Fortunately for Xi, Trump has no interest in “democratizing” other countries, and he doesn’t seem to have been swayed by the US investors, financiers, and technology titans who want his administration to press for more access to the Chinese economy.
No doubt, US tariffs threaten the 18% of Chinese exports that go to the US each year. But the Trump administration has more urgent priorities than changing China’s system of government, notwithstanding the aggressive rhetoric of US Trade Representative Robert Lighthizer and White House National Trade Council Director Peter Navarro. Trump desperately wants to bolster US manufacturing by repatriating global supply chains and blocking or curbing imports. “Make America Great Again” is really about making in America again.
Image: Statista
Still, even if today’s US-China standoff does not evolve into a new cold war, it could weaken both countries and usher in a more multipolar world. Within China, US rhetorical broadsides, tariffs, and sanctions may be empowering Xi’s domestic critics. And it doesn’t help that China currently has limited options for retaliating. True, it could start to sell off some of its $1 trillion in US dollar reserves. But that would weaken the value of the US Treasuries that it continues to hold.
Within the US, Trump’s decision to pursue sweeping import tariffs has been described by one industry representative as “the most self-destructive trade act I’ve ever seen.” And the administration’s renegotiation of the North American Free Trade Agreement – which includes a clause to prevent Canada or Mexico from negotiating with China – has met with similar disdain. Such policies threaten both to destroy US jobs and to alienate America’s allies, many of which are already distancing themselves.
Indeed, the Trump administration’s “America First” positions have increasingly translated into “America Alone.” The US now constitutes a minority of one within the G7, the G20, and the United Nations Framework Convention on Climate Change. After Trump pulled the US out of the Trans-Pacific Partnership (TPP), the remaining parties moved ahead on their own. Far from setting the terms of debate on international issues, the Trump administration has convinced other countries to reduce their reliance on US leadership.
Widespread circumvention of the US will hasten the emergence of a new multipolar order. For example, by withdrawing from the Iran nuclear deal, Trump has essentially dared the United Kingdom, France, Germany, China, Russia, and the European Union to defy US prerogatives.
For now, countries that rely on Iranian oil may have no choice but to go along with the US. Like most traded goods, oil exports are paid for in dollars – largely through the Society for Worldwide Interbank Financial Telecommunication (SWIFT) in Belgium – and the US has the power to shut down such transactions. Most companies and countries have concluded that doing business in Iran is not worth losing access to the US market and the international dollar-payments system.
But in the future, they may no longer have to make such tradeoffs.
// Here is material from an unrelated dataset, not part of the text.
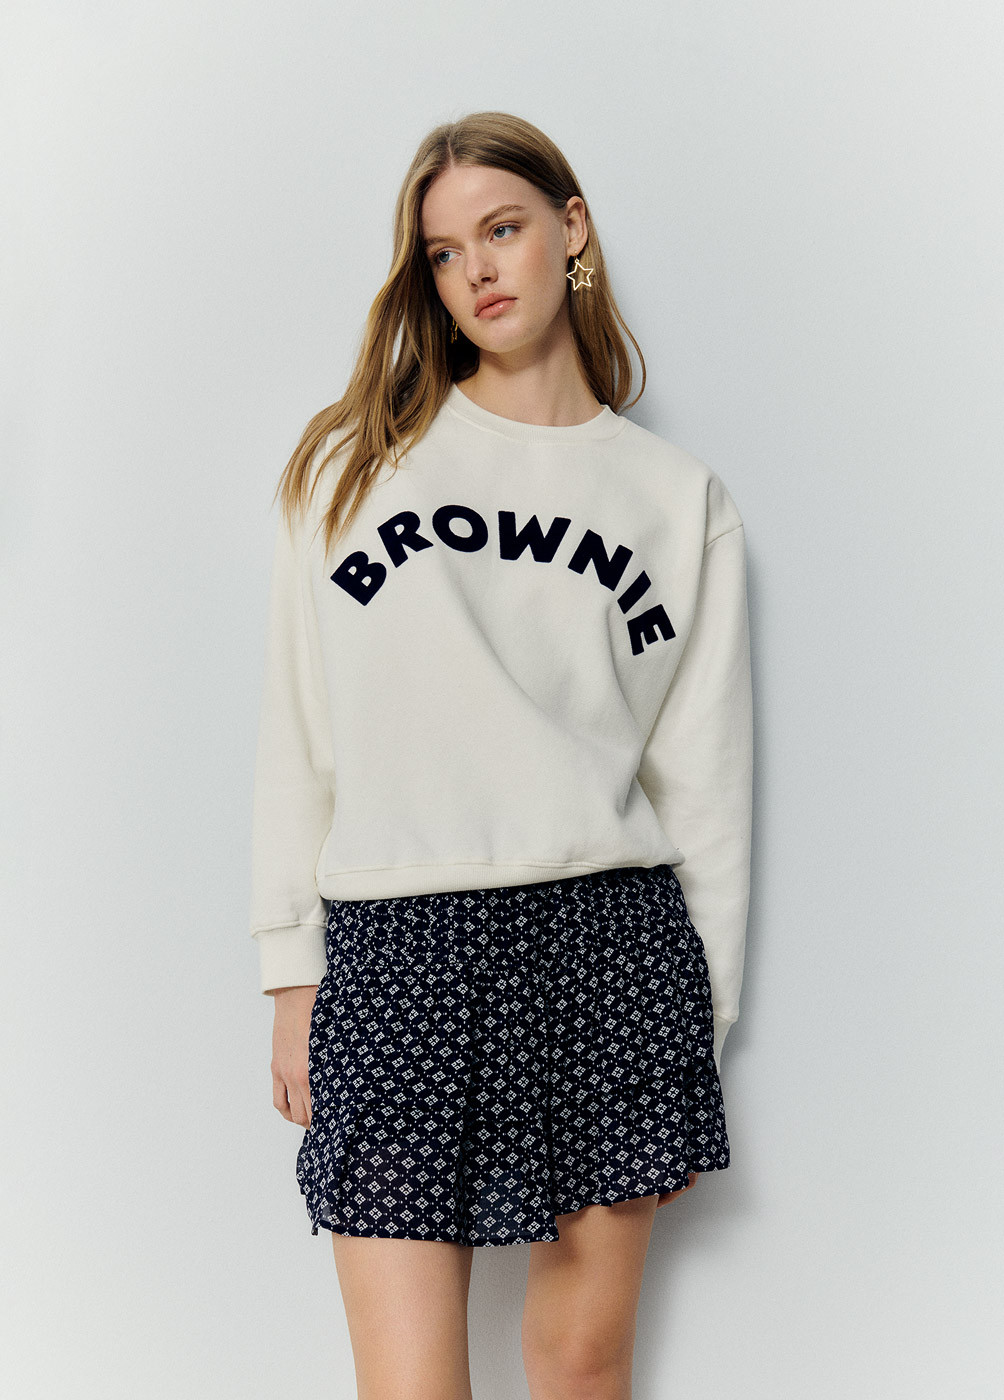 Sweater brownie flock 
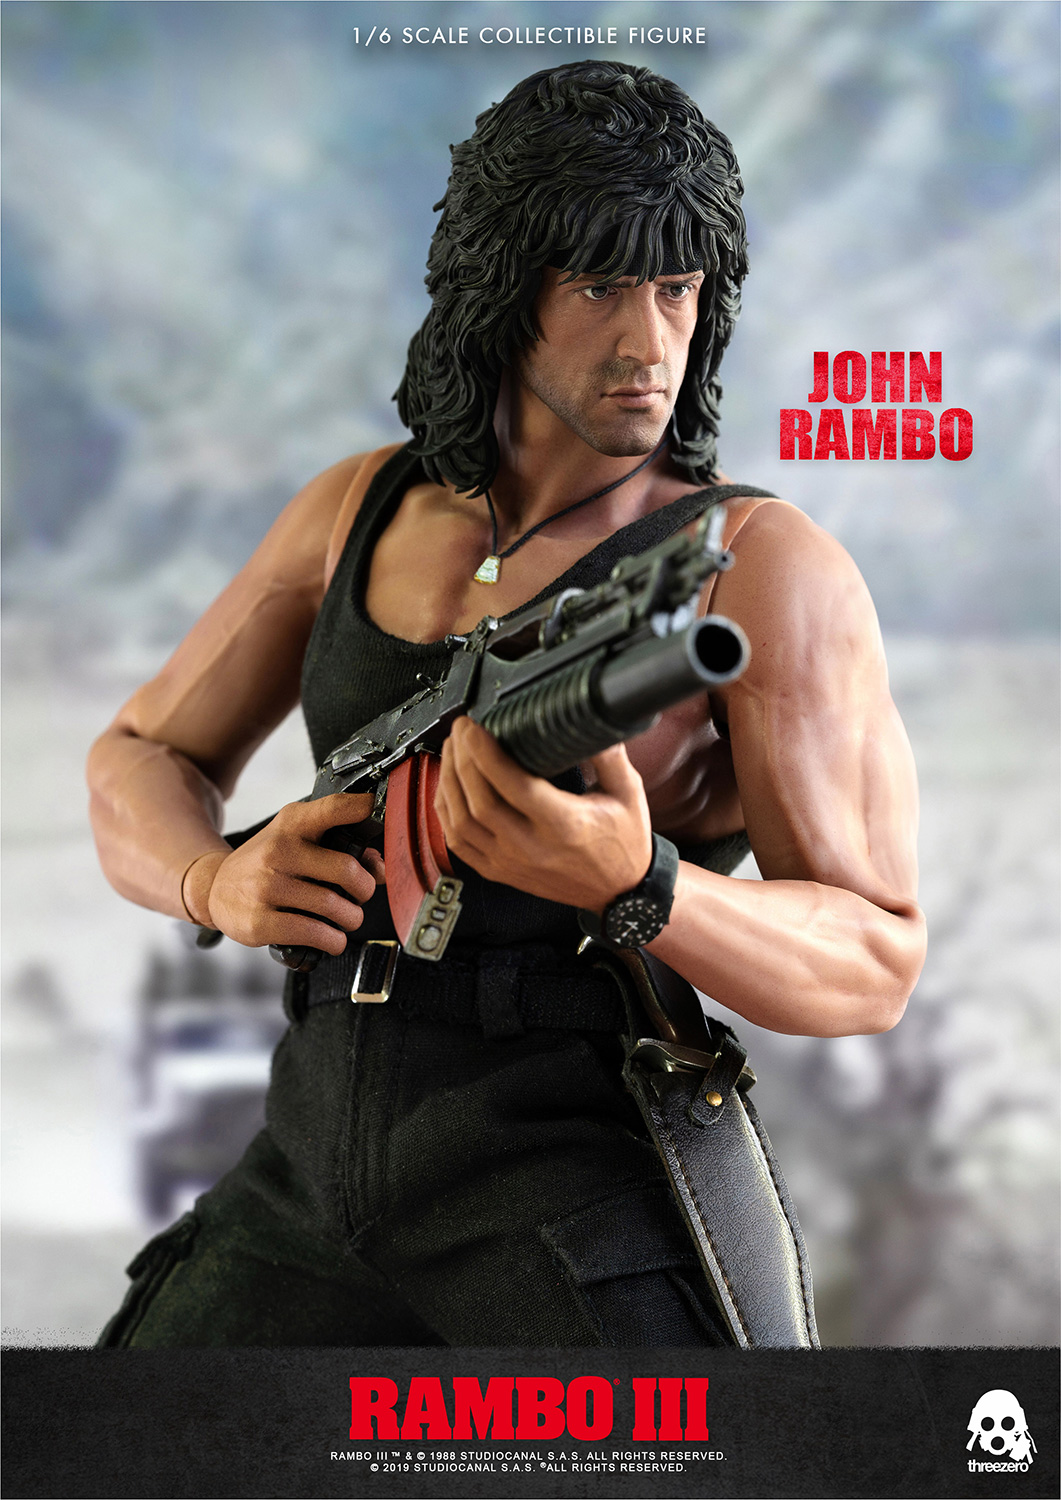 Figurine articulée Threezero Rambo I figurine 1/6 John Rambo 30 cm

On August 21, Germany’s foreign minister, Heiko Maas, urged Europe to establish payment channels that are independent of the US. And the following month, the EU’s foreign policy chief announced plans to form a “special purpose vehicle” to “assist and reassure economic operators pursuing legitimate business with Iran.”
Meanwhile, Russia has said that it is developing its own system for financial transfers, to protect itself from being shut out of the SWIFT system in the event of harsher US sanctions. And China has been pursuing a similar project at least since 2015, when the People’s Bank of China launched a system to facilitate cross-border transactions in renminbi.
None of these alternative systems have yet to match the convenience of SWIFT and the dollar system. But if a new system were to take hold, it could rapidly shift power away from the US.
Rather than a cold war, the world may be heading toward an international system led by four powers, with the US, China, Russia, and Germany dominating their respective regions and seeking the upper hand in international negotiations. Such a scenario is reminiscent of the World War II vision of US President Franklin D. Roosevelt, who proposed that the four victorious allies – the US, the UK, China, and the Soviet Union – act as “Four Policemen,” each patrolling its own sphere of influence and negotiating with the others on world peace.
Image: Frank O. Salisbury via Wikimedia Commons
Today, approximations of the same four powers are once again in the lead, only now we have stronger international institutions to help keep the peace. Whether that peace lasts will depend on the willingness of the four powers to use and adapt those institutions to the emerging international system.